Both young men and women in the audience of my esteemed liberal arts college class of 1997 genuinely appeared to be shocked by these revelations. And for the first time in my own life I was offered an intimate glimpse into the culture that tends to blame victims and coddle abusers. It was pretty eye-opening for me. And, well, deeply sad, too.

I was fortunate to grow up in a family that talked about issues more than perhaps I would have liked. For as long as I can remember my grandmother used to tell me to never leave my drink unattended. I would be, like, "Grandmother, I'm 12 – I can't drink." And she would just reiterate her rules about being a woman in the world.

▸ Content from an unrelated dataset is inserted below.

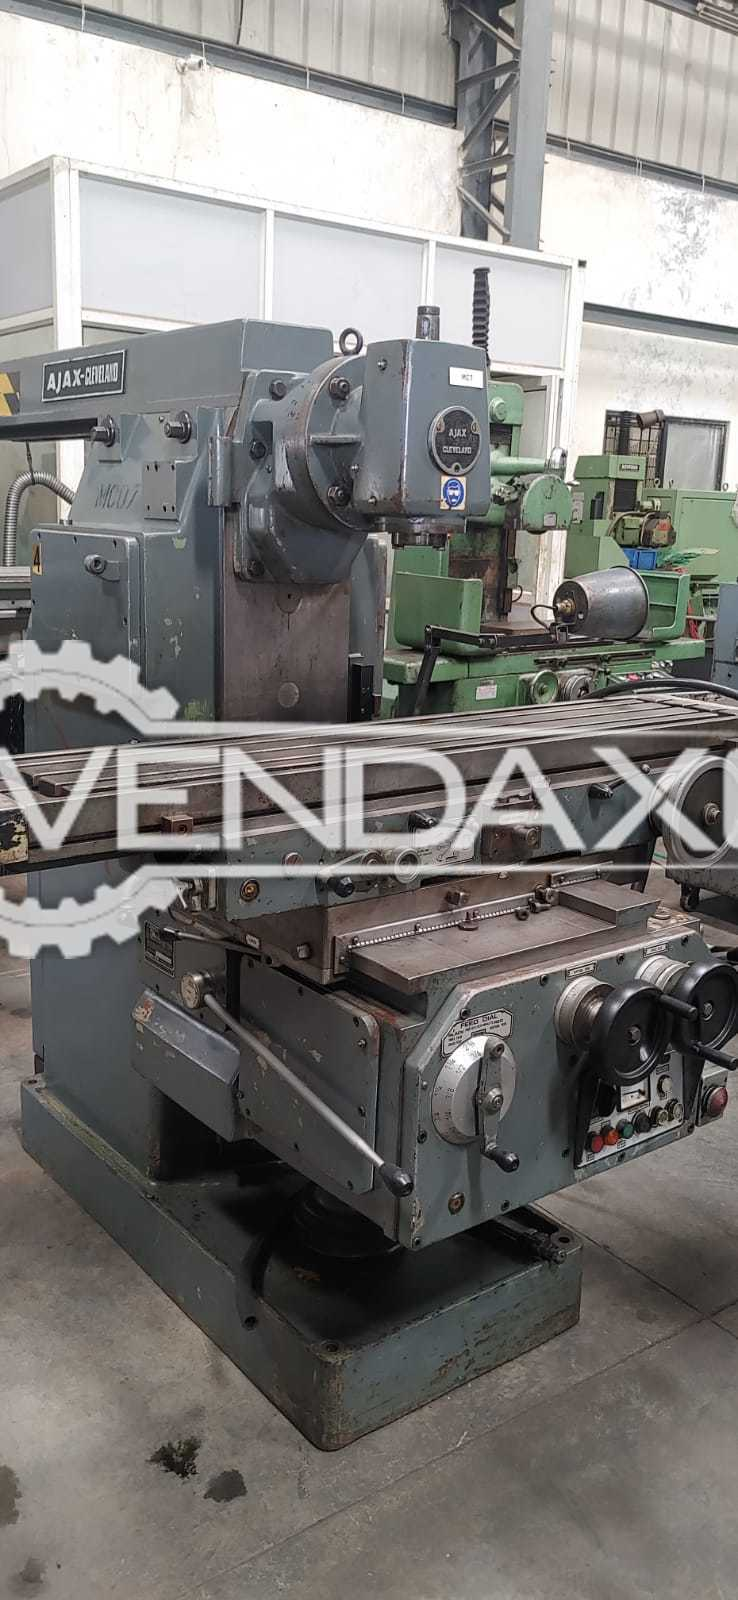 Ajax Heavy Duty Milling Machine - Universal, Gray Color

My hunch is that you're telling different morality lessons to boys versus girls then you're probably doing it all wrong.

Looking back, I have to wonder what she may have likely endured in her own life. She was born in 1918 and was the first woman on her block to be a divorced, single mother with two daughters who went to work everyday in a dress shop. I'm sure it couldn't have been easy dealing with the looks and the pressure of being all of these things in the 1950s. Maybe that's why she was always quite candid with me from early on, imparting progressive wisdom like, "Always live with 'em before you marry 'em" during commercial breaks for "Dallas" and "Dynasty" (we watched a lot of TV together).

While I could sometimes be embarrassed by this honesty as a kid, by the time I got to college I was genuinely saddened that some of my classmates didn't seem to know very much about what I took for granted to be pretty basic facts of life. And this is a big problem, especially since it starts to feel like the people who didn't get the lesson, who didn't learn the differences between consensual and nonconsensual sex when they were young, and often the same people who tend to blame victims rather than accusers, have a pretty powerful hold on our culture.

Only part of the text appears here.